Doris stared after him, shocked beyond belief. "Justin-" she started to say.
He zipped his duffle bag, hoisting it over his shoulder. "No. Just let me have some peace, Doris. Remember - I'll be generous if you don't fight me." He walked out, leaving her collapsed in a heap of bewilderment.
Sharon held Heather in her arms on the couch, just enjoying the warmth of her beloved wife in her arms. She still sometimes was amazed that they had made it through all the odds, through their initial ups and downs. She smiled, thinking about their first date, which neither realized was a date at the time. They had gone to see a movie, and sat very close the entire time, hands colliding in the popcorn bag. One date led to another, and they finally kissed out of curiosity for the first time in Heather's apartment. When they both landed jobs in Heather's home town, they moved together, eventually buying a house together.
The time they'd spent here was much longer than anywhere Sharon had spent growing up, as a minister, Rick had been moved every few years.
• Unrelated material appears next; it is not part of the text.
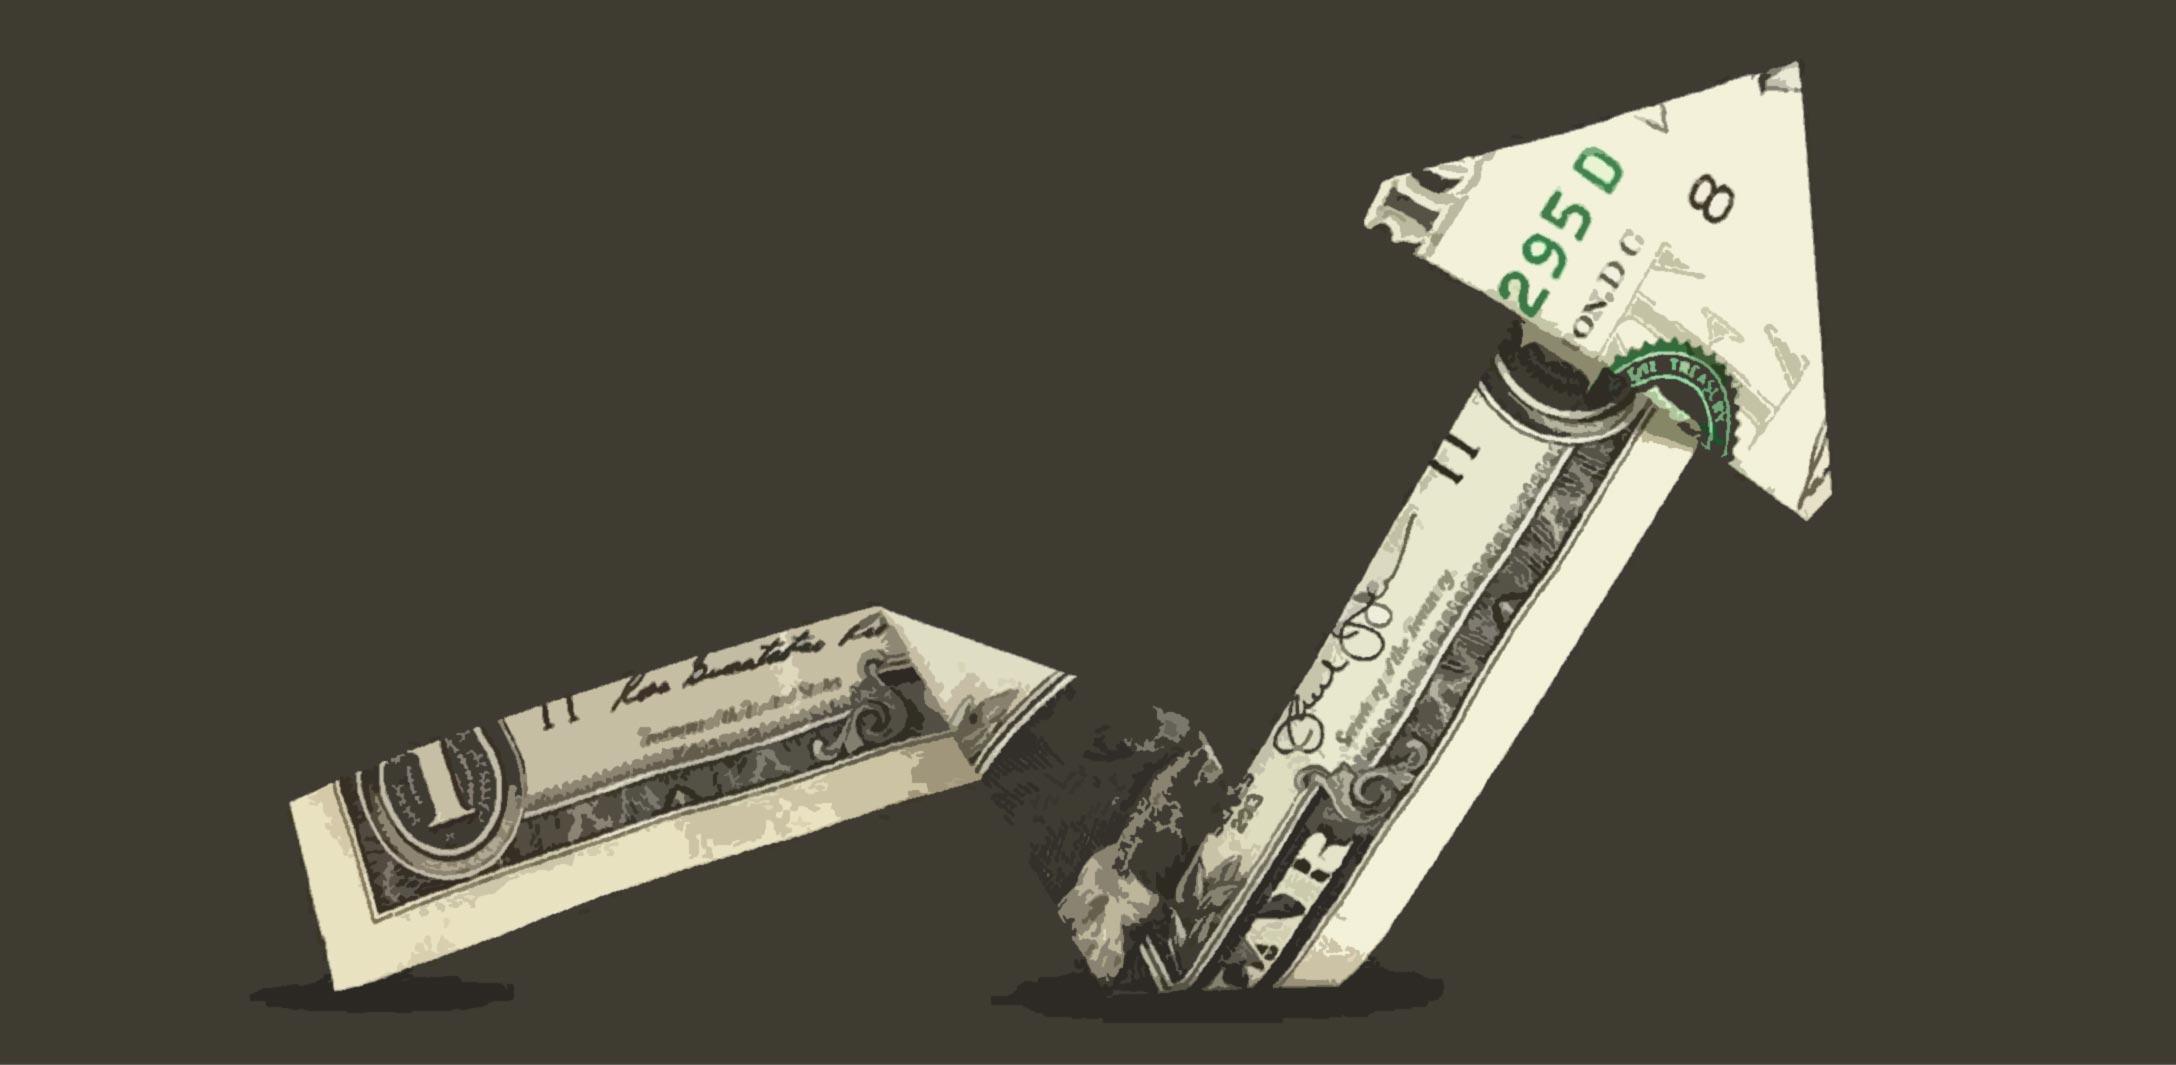 An arrow made from a folded dollar bill points upward.

It put a strain on the young couple at one point because Sharon, who had started working freelance, wanted to move about, but Heather, who had lived in the same house her entire life until college, was content to stay in one place. They had compromised by taking vacations out of state when they could afford the airfare and the time.
"What are you thinking about?" Heather asked, "You are uncharacteristically quiet."
"You. Us. Our life together," Sharon replied, squeezing her beloved. "How happy I am with you."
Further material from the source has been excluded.